What you will do: Only one span is wanted from the lines below: from the one with "Helena Christensen Flaunts" up to and including the one with "Senamhi pronostica lluvias". Copy it exactly, without images.

Data records:
◇ ◇ ◇
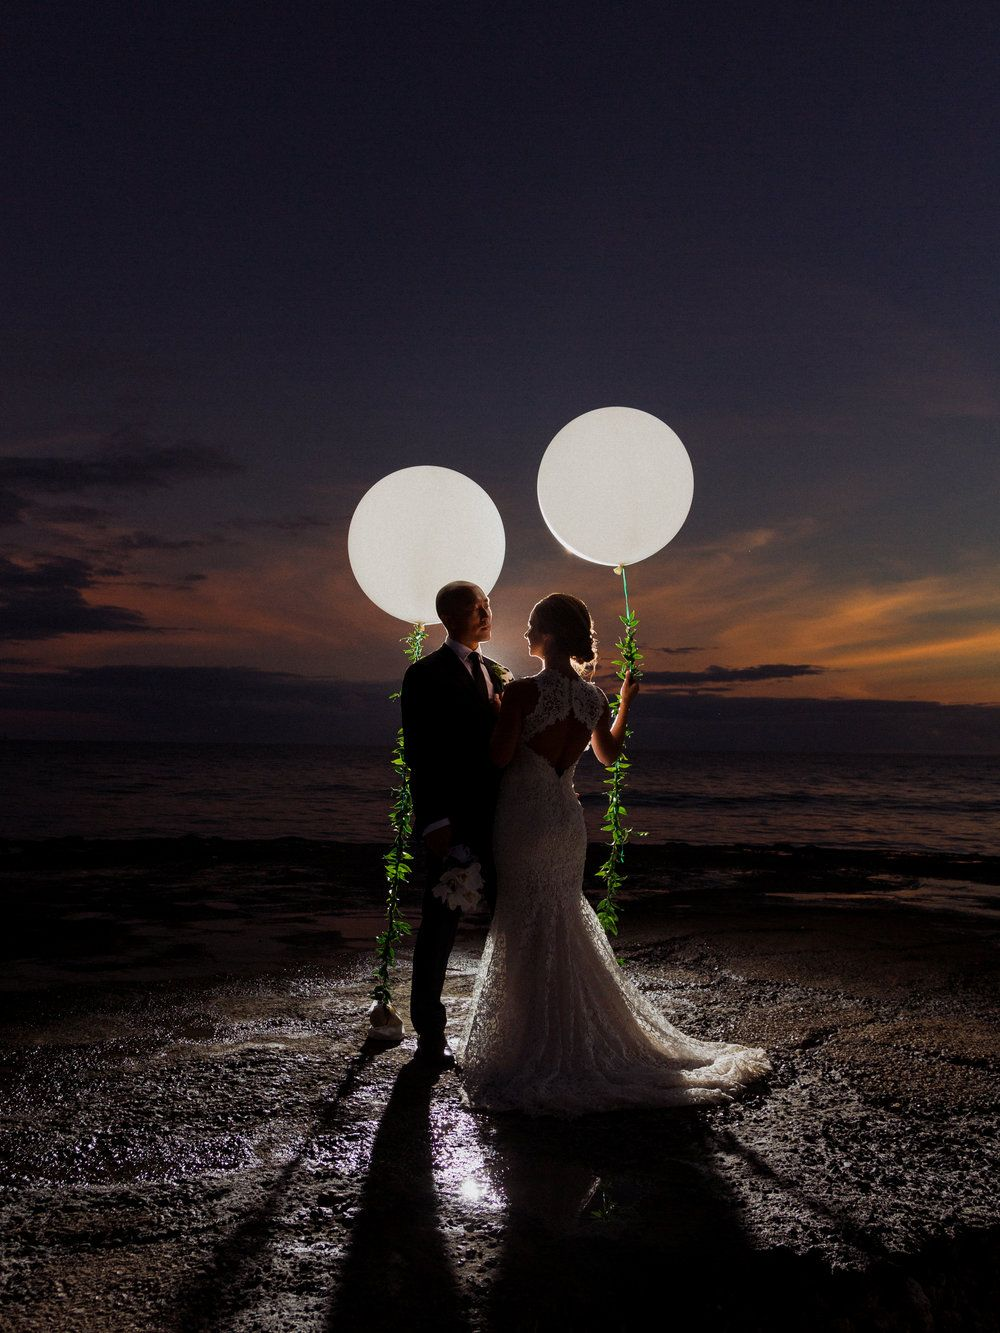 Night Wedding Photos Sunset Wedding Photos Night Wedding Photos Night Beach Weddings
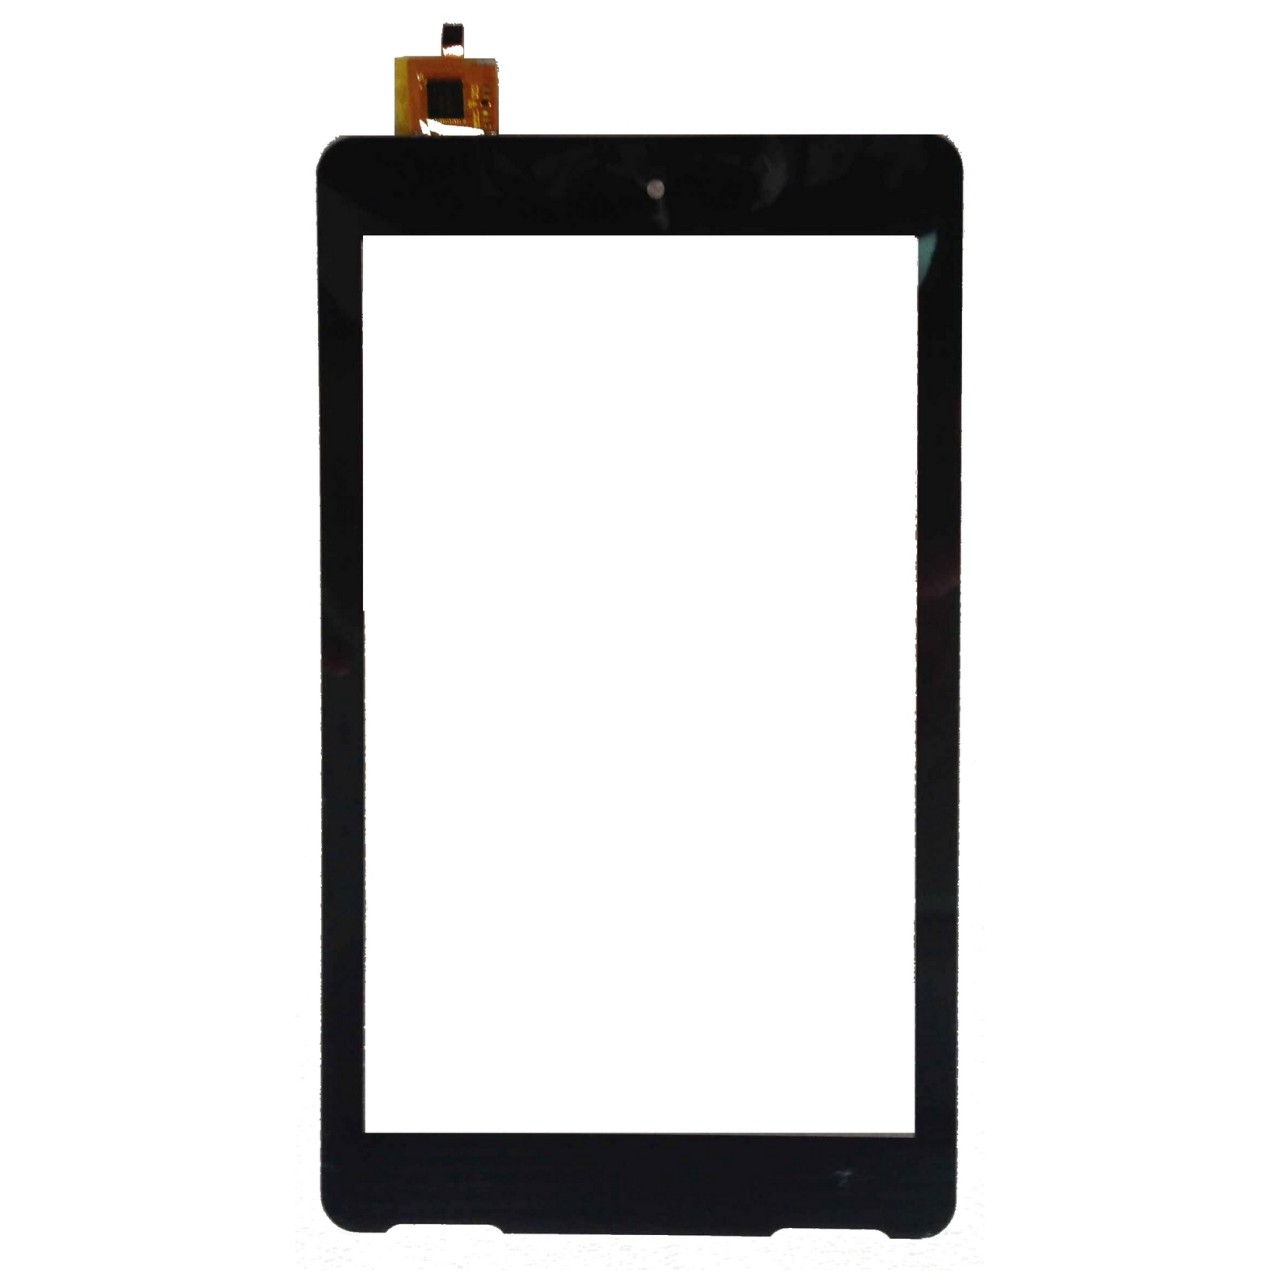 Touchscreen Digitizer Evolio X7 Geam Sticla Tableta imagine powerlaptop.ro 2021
◇ ◇ ◇
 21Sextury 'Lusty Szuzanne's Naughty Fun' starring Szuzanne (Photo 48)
◇ ◇ ◇
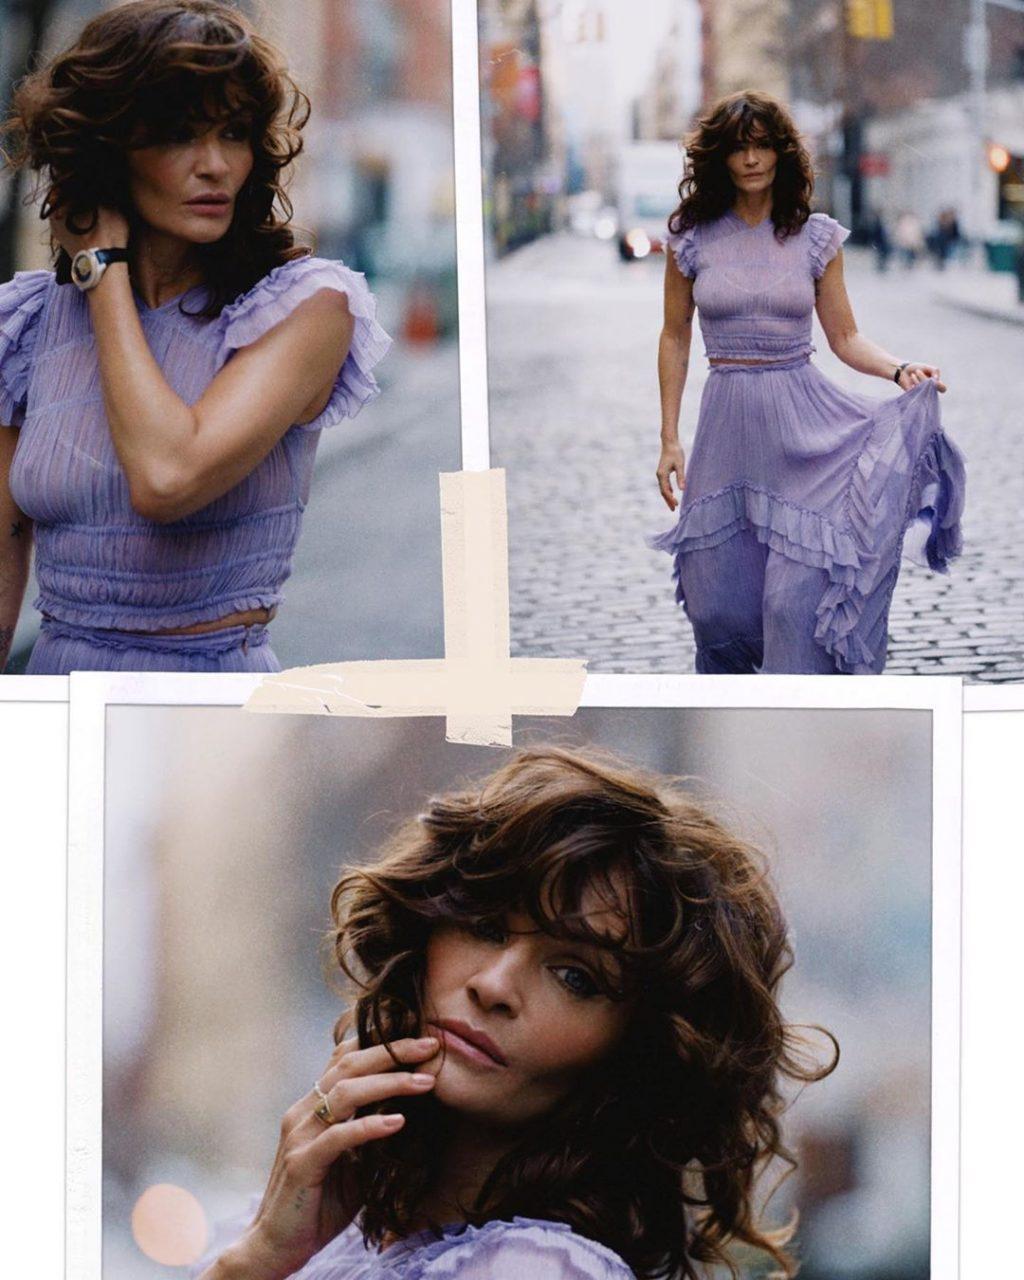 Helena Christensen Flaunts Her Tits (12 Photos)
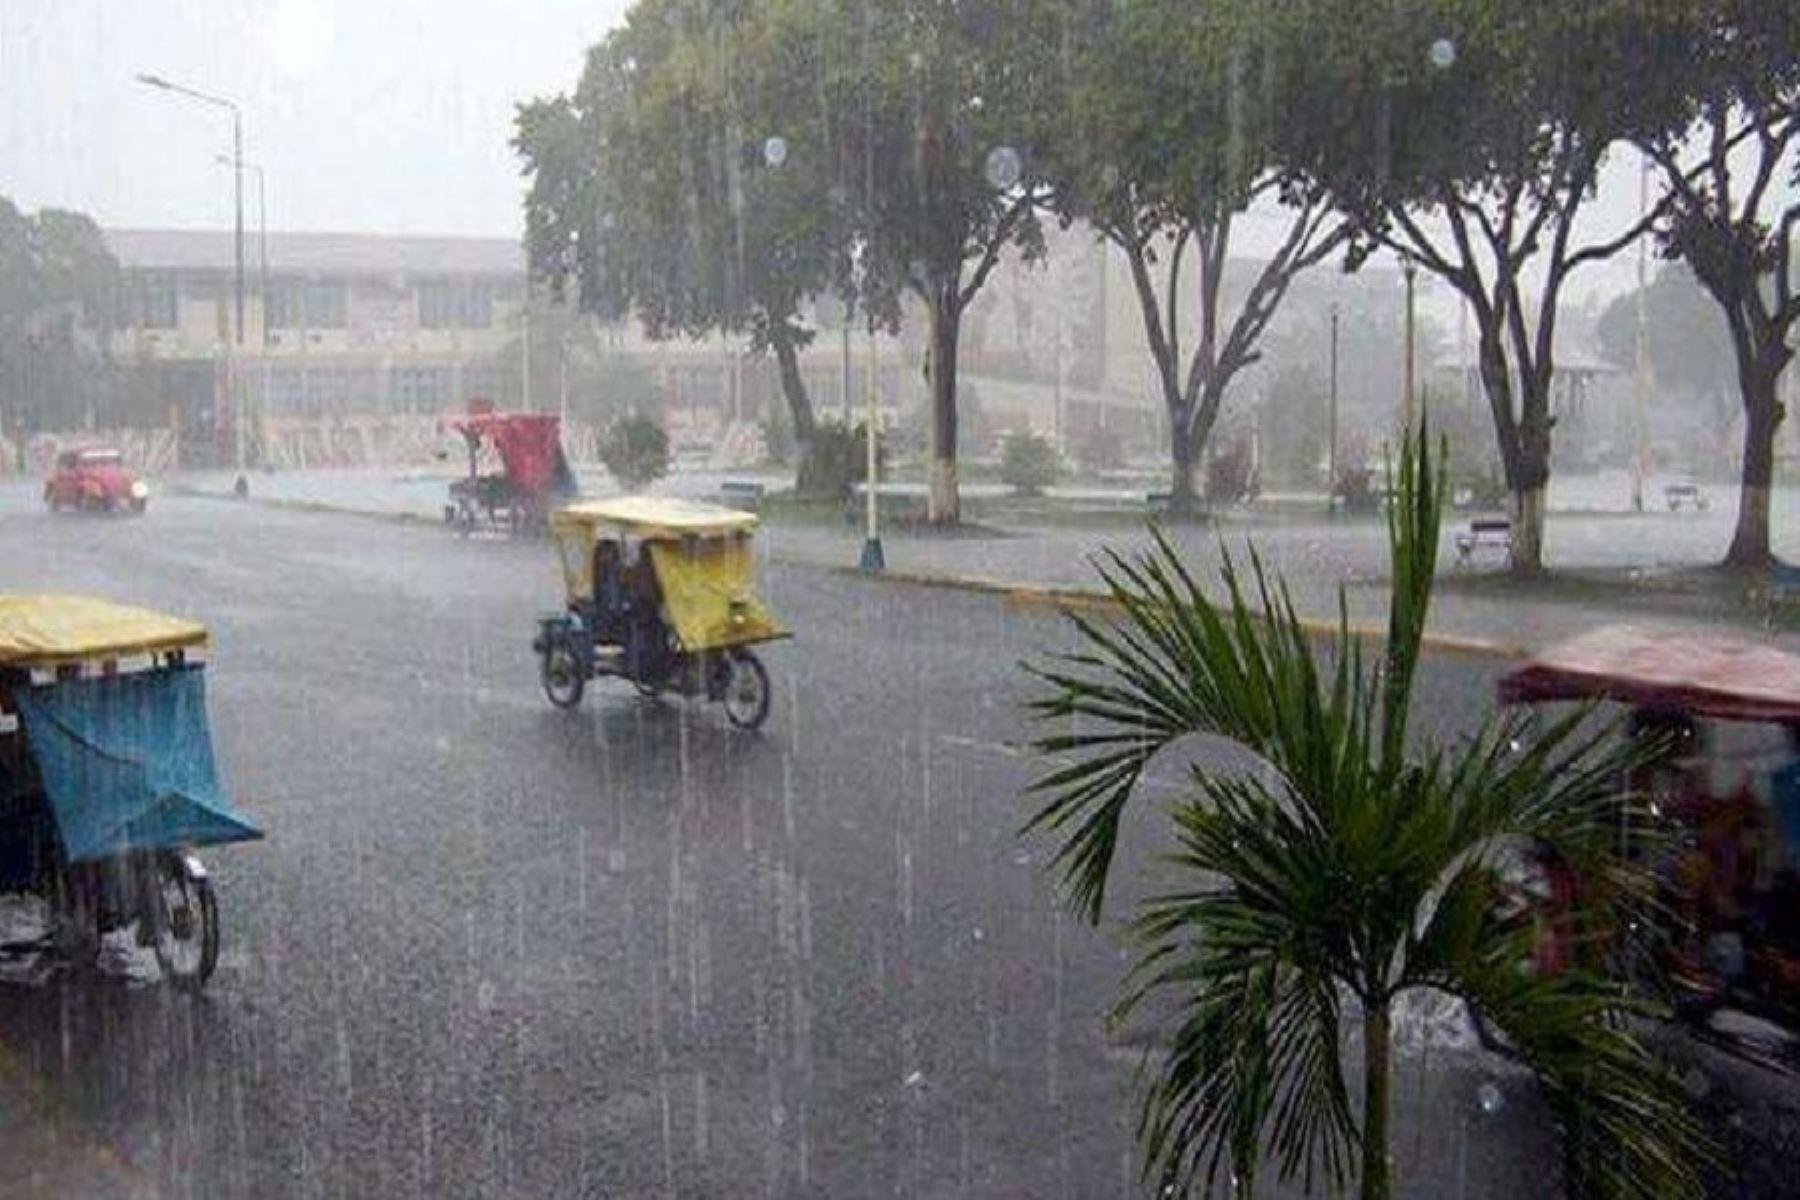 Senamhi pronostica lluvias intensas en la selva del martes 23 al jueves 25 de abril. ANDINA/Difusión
◇ ◇ ◇
Written answer:
 Helena Christensen Flaunts Her Tits (12 Photos)
 Senamhi pronostica lluvias intensas en la selva del martes 23 al jueves 25 de abril. ANDINA/Difusión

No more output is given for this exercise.